Already 2 of our recent Instagram posts are the most liked in Chipotle history. Overall, we're going to be a much more agile, innovative and visible brand that people will talk about. Again, I'm thrilled to be part of Chipotle. We've made a ton of progress in the last few months, but the best is yet to come. Brian, back over to you.
Thanks, Chris. We expect that all of these initiatives across marketing, digital, consumer access, menu, analytics and operations combined will create a flywheel that can drive transactions to accelerate our growth. To put it another way, we will amplify our unique positioning. Real ingredients, real cooking, real opportunity and now through our new strategy, Real Performance. I'll turn it over to Jack now to discuss the short term financial implications of the restructuring we are undertaking to execute on and align behind the strategy that will unlock our brand's potential.
Thanks, Brian. Before I begin, I want to remind everyone that we're not providing a financial update on our current quarter and we're not updating or reaffirming the guidance provided on our last earnings call. Everything you've heard today about our focus on running great restaurants, modernizing and digitizing our restaurants and becoming a more relevant engaging brand is designed to drive transactions, improve our unit economics, accelerate our earnings growth and create significant shareholder value. While it's too early to predict the timing and precise impact each of these strategies will have on results, I'm confident that the strategies will lead to higher average unit volumes and higher margins in the future. All of these opportunities are going through a new stage gate process designed to ensure successful rollouts.
As we
move through those stage gates over the coming year, we'll have a better understanding around the timing of when these new initiatives will translate to sales growth. In the meantime, we know that a combination of great operations, clever marketing and pushing further into our digital initiatives will drive near term sales growth. Executing these strategies at a high level will require changes to our organization and to our culture, and that will result in non recurring charges during the Q2 and over the next few We'll clearly call out these non recurring charges as they are in Curti's quarter, so that you will have a clear perspective of the underlying progress we're making in our business results. These non recurring costs These non recurring costs primarily relate to the moving of our offices, the restructuring of our organization and the closing of underperforming restaurants. In aggregate, we expect these costs to be in the range of $115,000,000 to $135,000,000 Of that amount, we expect about $50,000,000 to $60,000,000 will hit the Q2.

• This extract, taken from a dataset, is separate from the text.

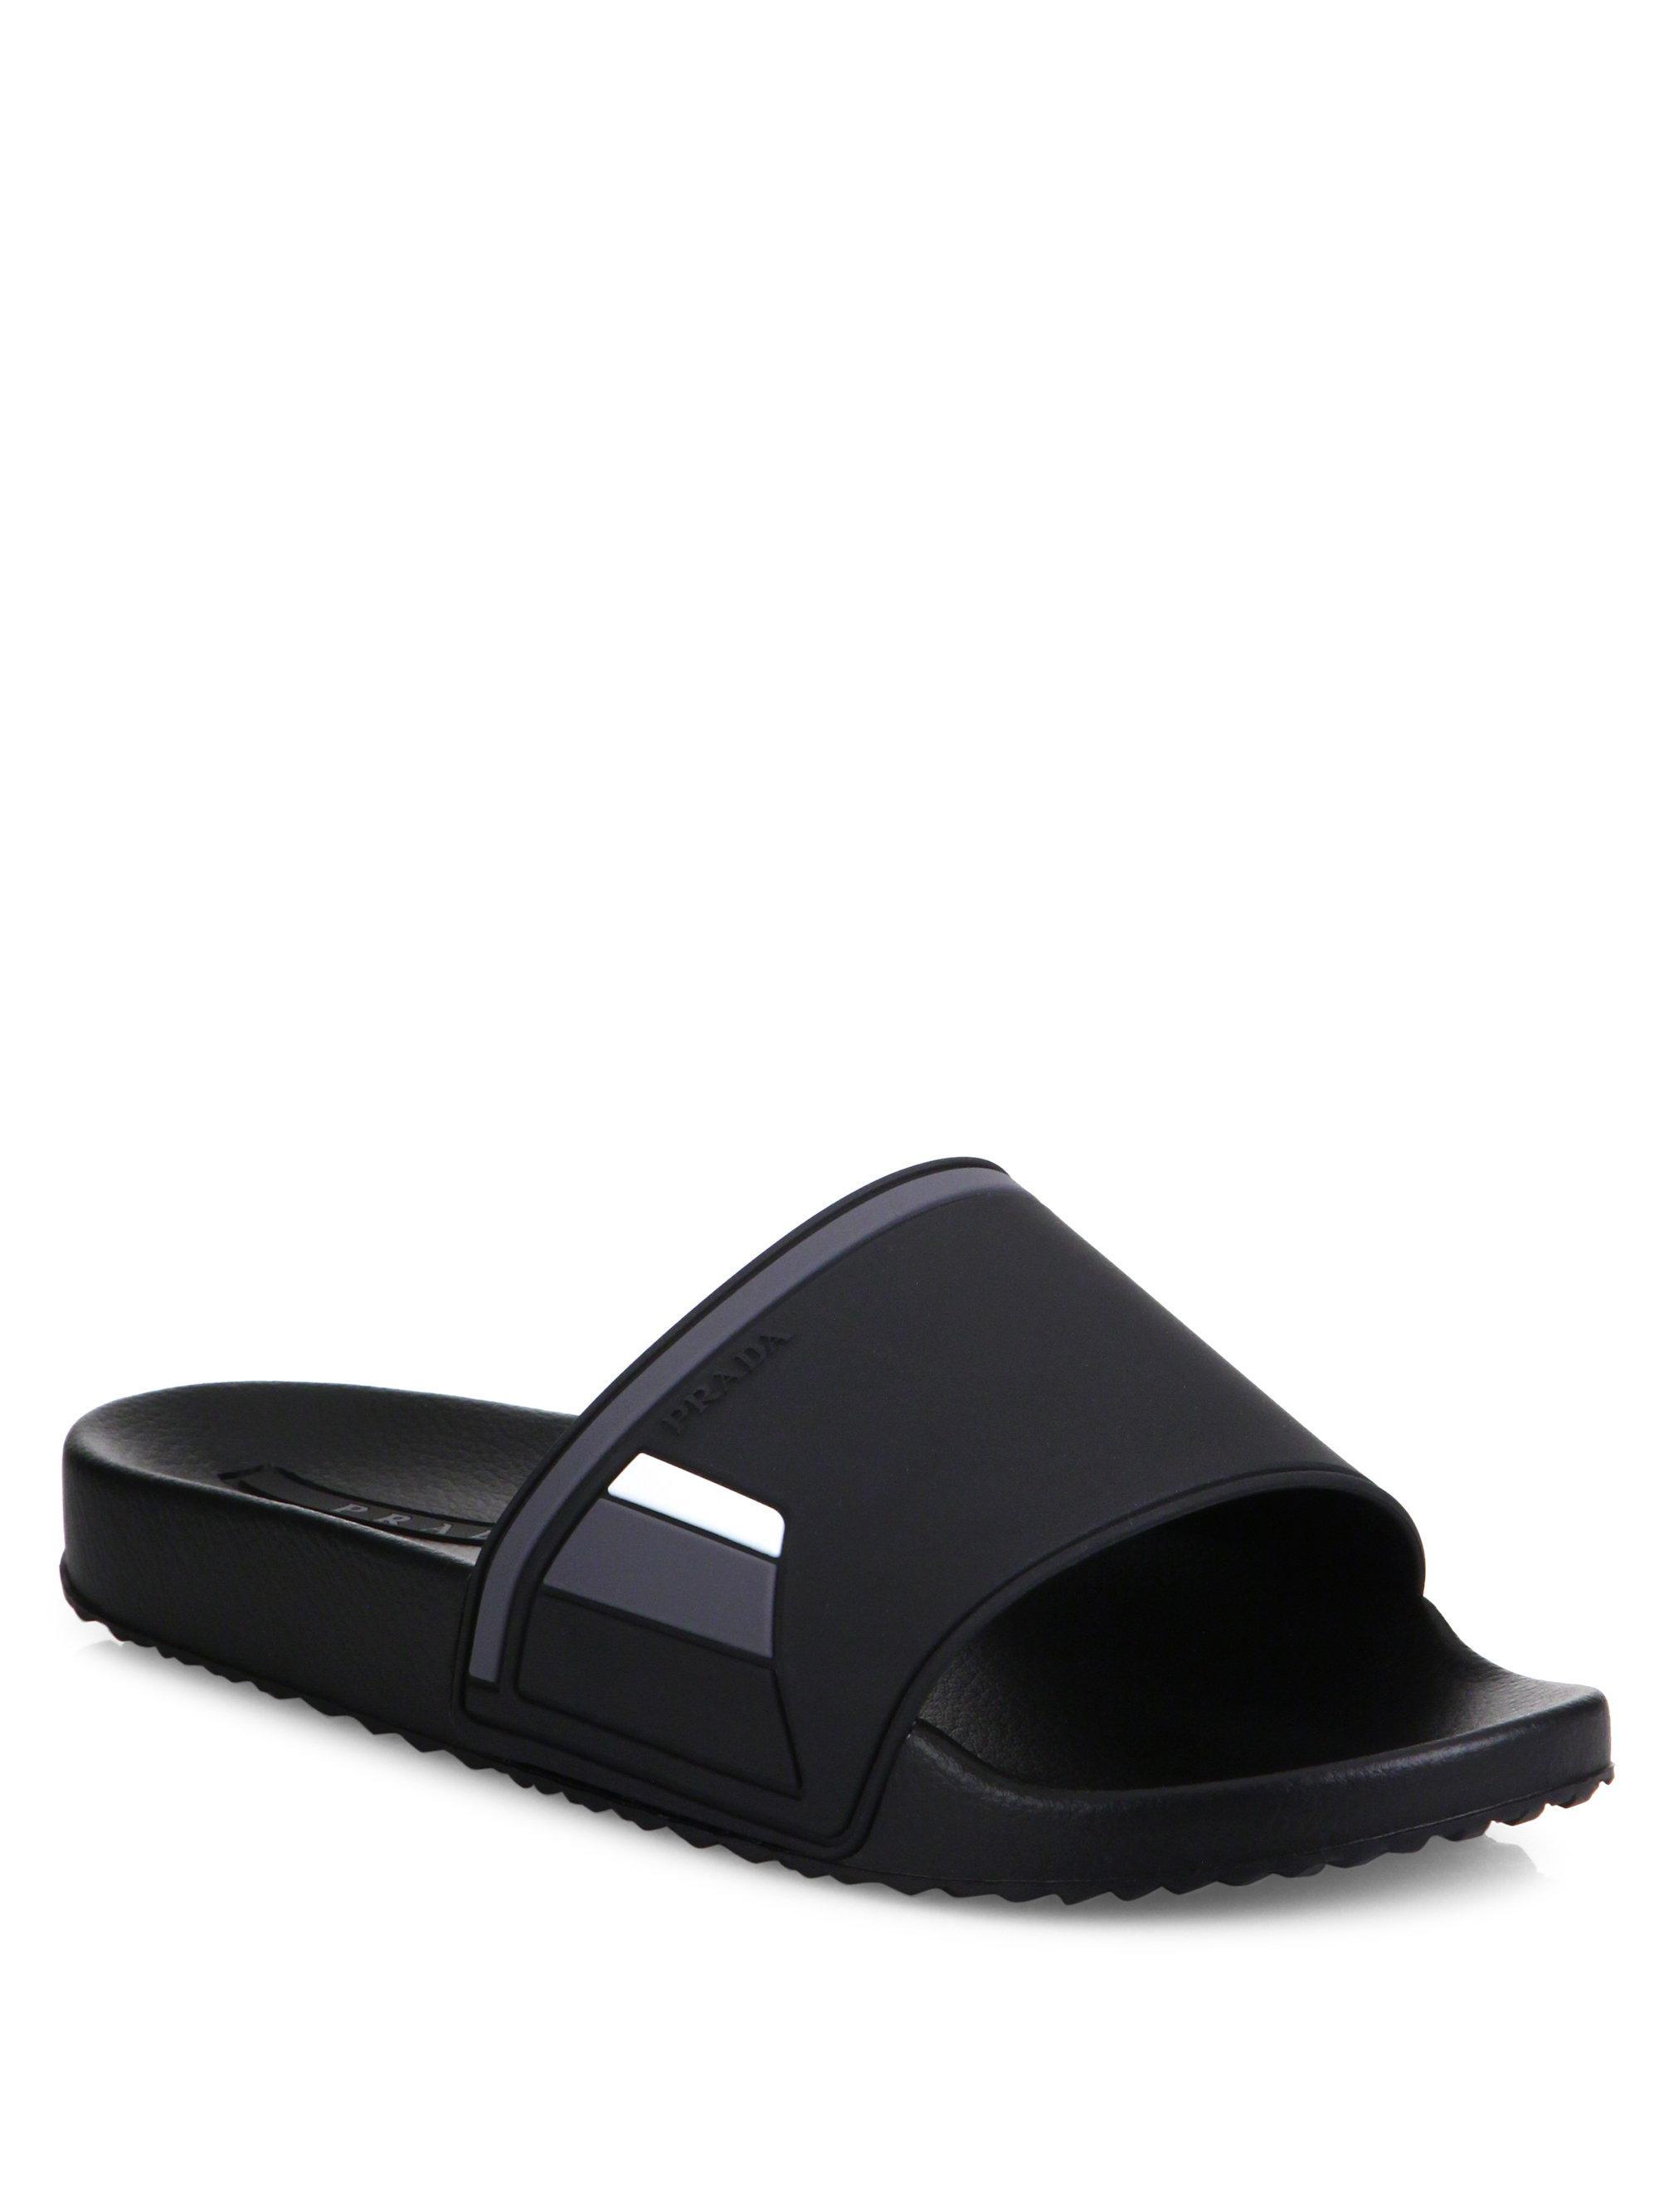 a216e6192ccc Gucci Slides Saks Fifth. Prada Shower Slide Sandals in Black for Men

And while most of the remaining charges will hit in 2018, there will likely be some charges, particularly related to terminating restaurant and office leases that will spill into 2019. As a result of our review of underperforming restaurants, we expect to close between 5565 restaurants, including the 5 Pizzeria Locale restaurants located outside of Denver. 2nd quarter charge will include about $30,000,000 related to restaurant asset write offs, while the lease buyout costs for these restaurants will be charged over the next several quarters. About half of the restaurants will close within the next 30 days and the remainder will close over the next several quarters as we negotiate lease buyouts with our landlords. The non recurring costs will primarily be reflected in 3 line items, G and A, the loss on disposal and impairment of assets and depreciation, and we'll clearly call these out these charges out each quarter.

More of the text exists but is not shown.